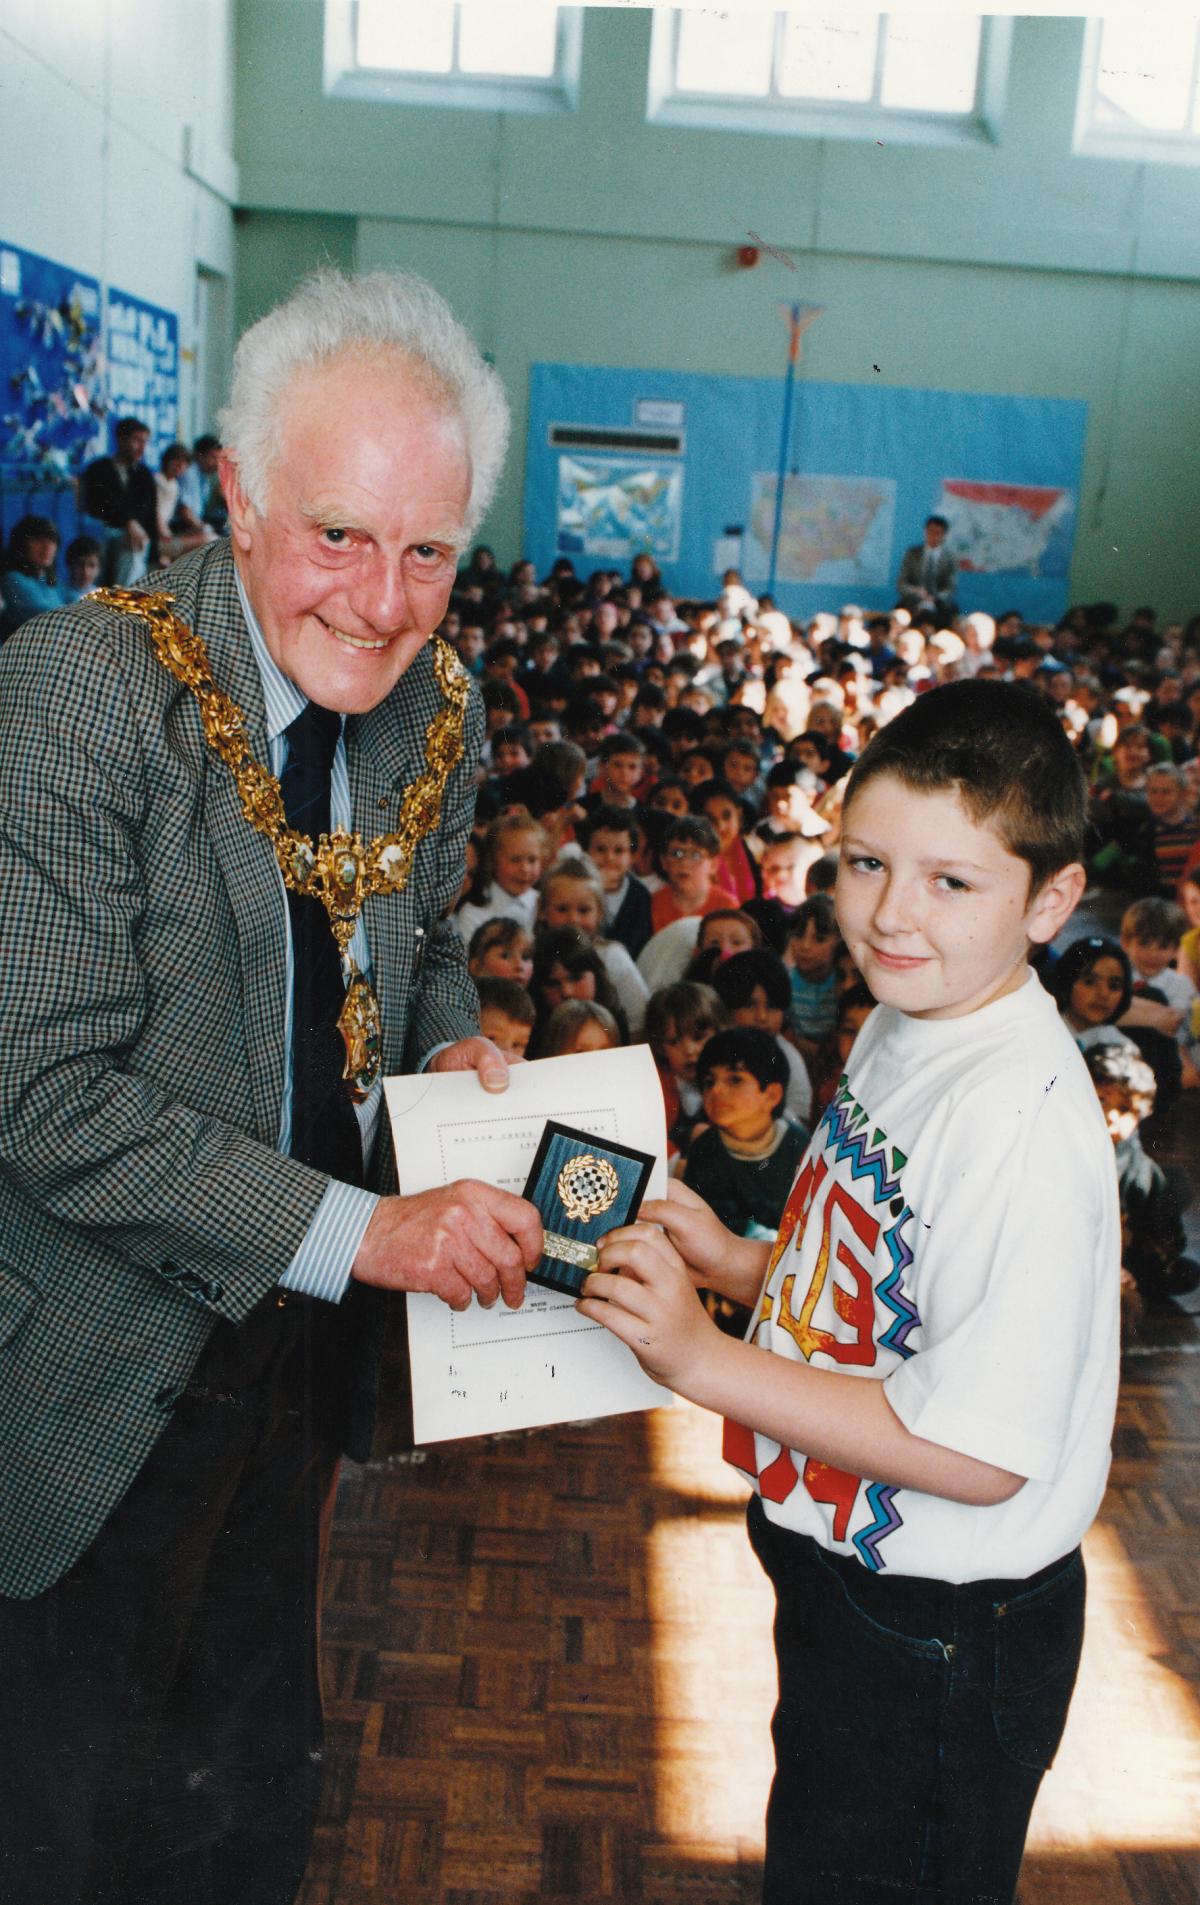 Mayor of Pendle Roy Clarkson presents a plaque to Lee Hopson as winner of Walton Chess competition
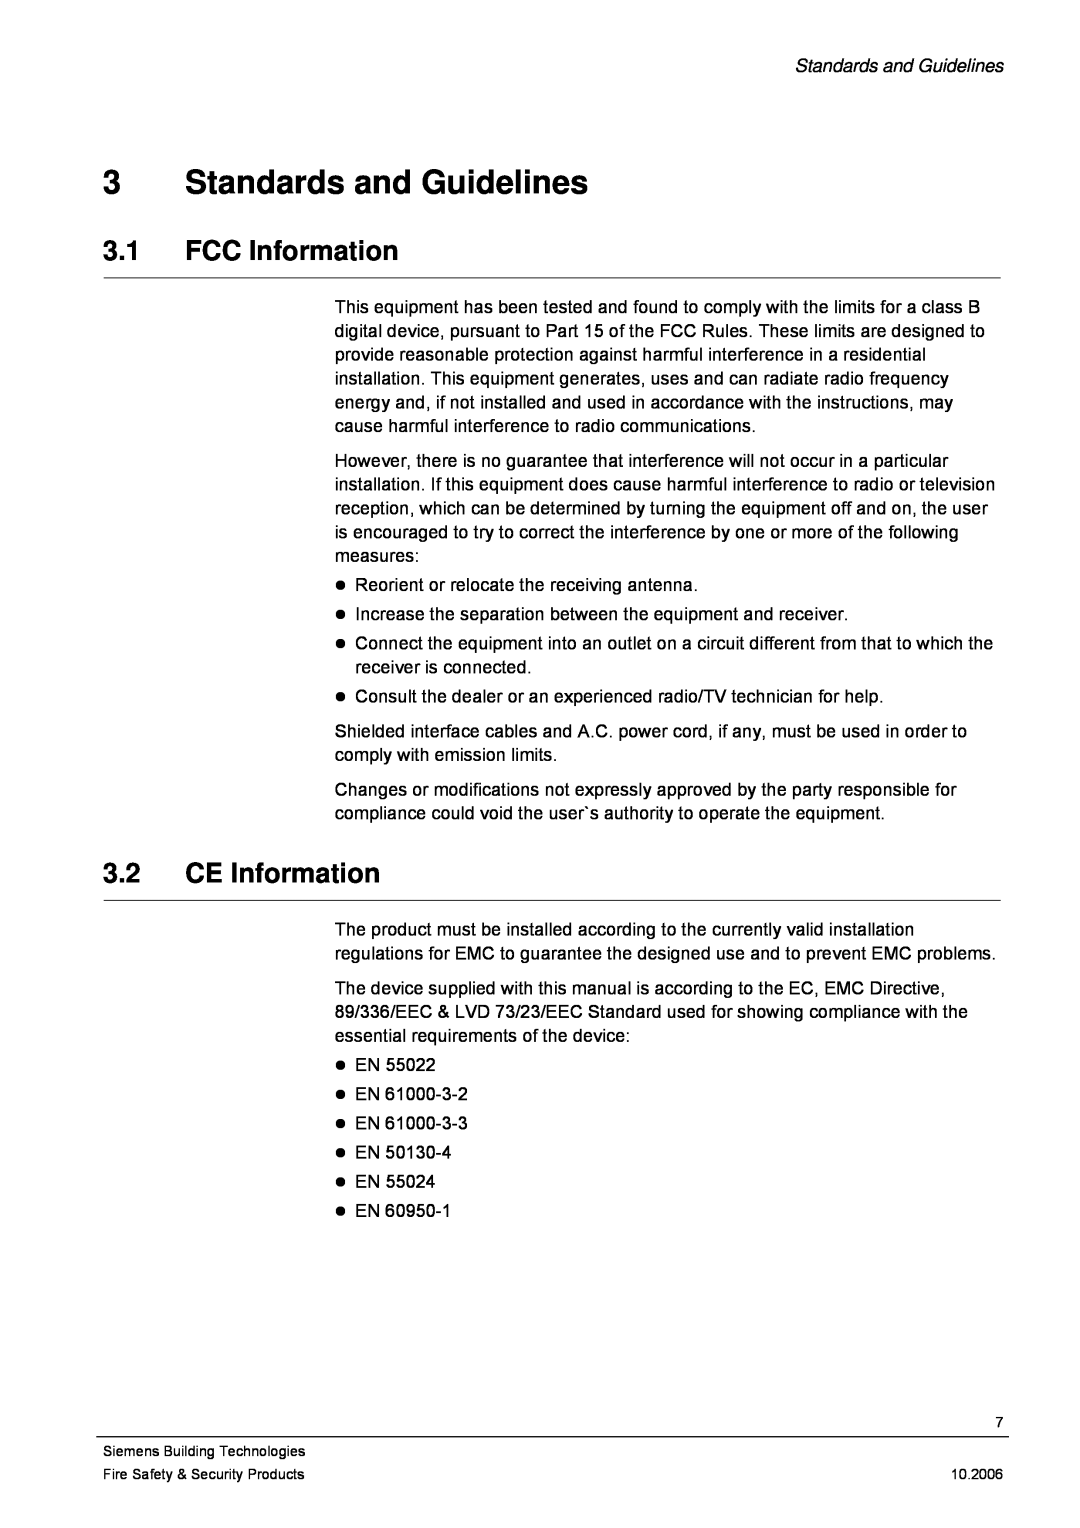 Siemens CMTC1920, CMTC1720 user manual Standards and Guidelines, FCC Information, CE Information 
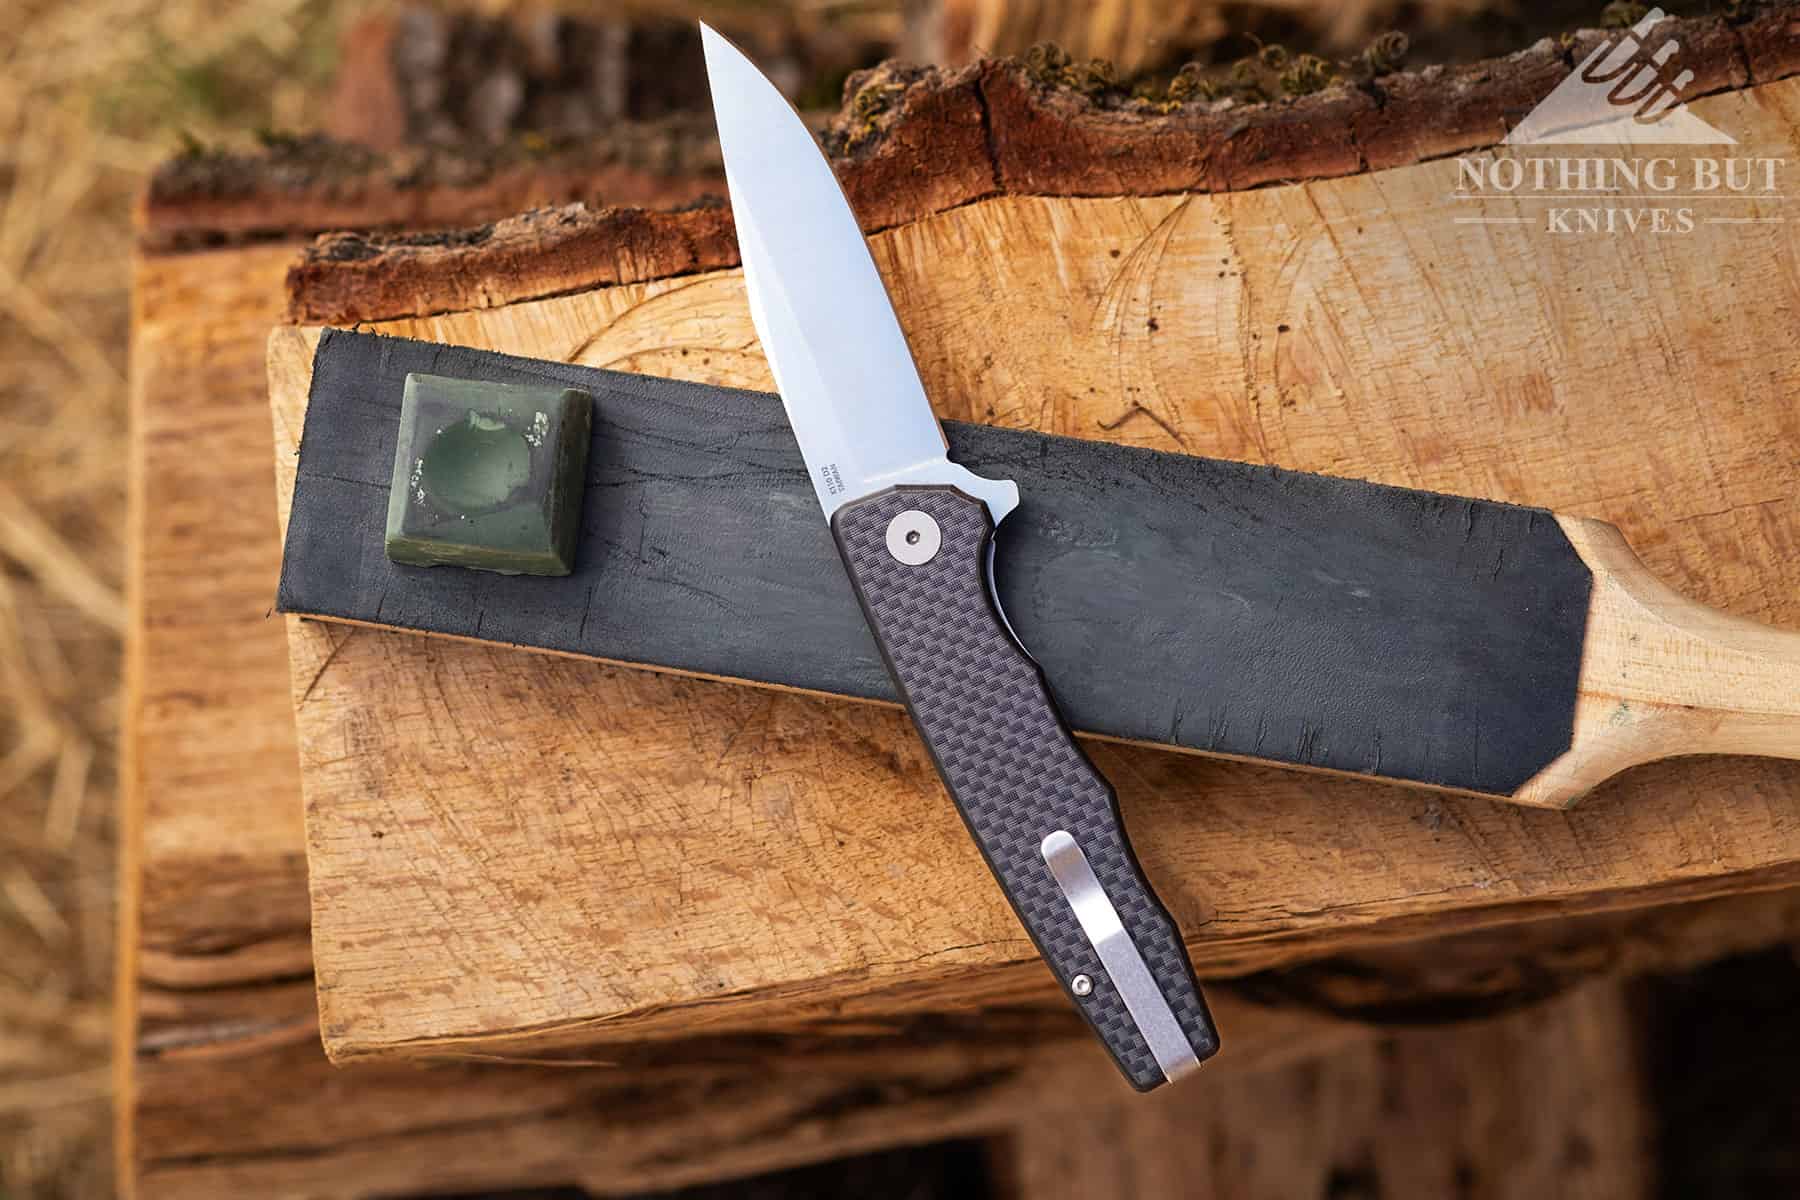 The Ocaso Strategy gentleman's carry EDC knife is a little tough to sharpen due to its steel type.
□ □ □ □
### TASK DESCRIPTION
Starting with the top line, write out all the data above exactly; keep the pictures out.

### EXPECTED OUTPUT
 Mayor of Pendle Roy Clarkson presents a plaque to Lee Hopson as winner of Walton Chess competition
 Siemens CMTC1920, CMTC1720 user manual Standards and Guidelines, FCC Information, CE Information 
 The Ocaso Strategy gentleman's carry EDC knife is a little tough to sharpen due to its steel type.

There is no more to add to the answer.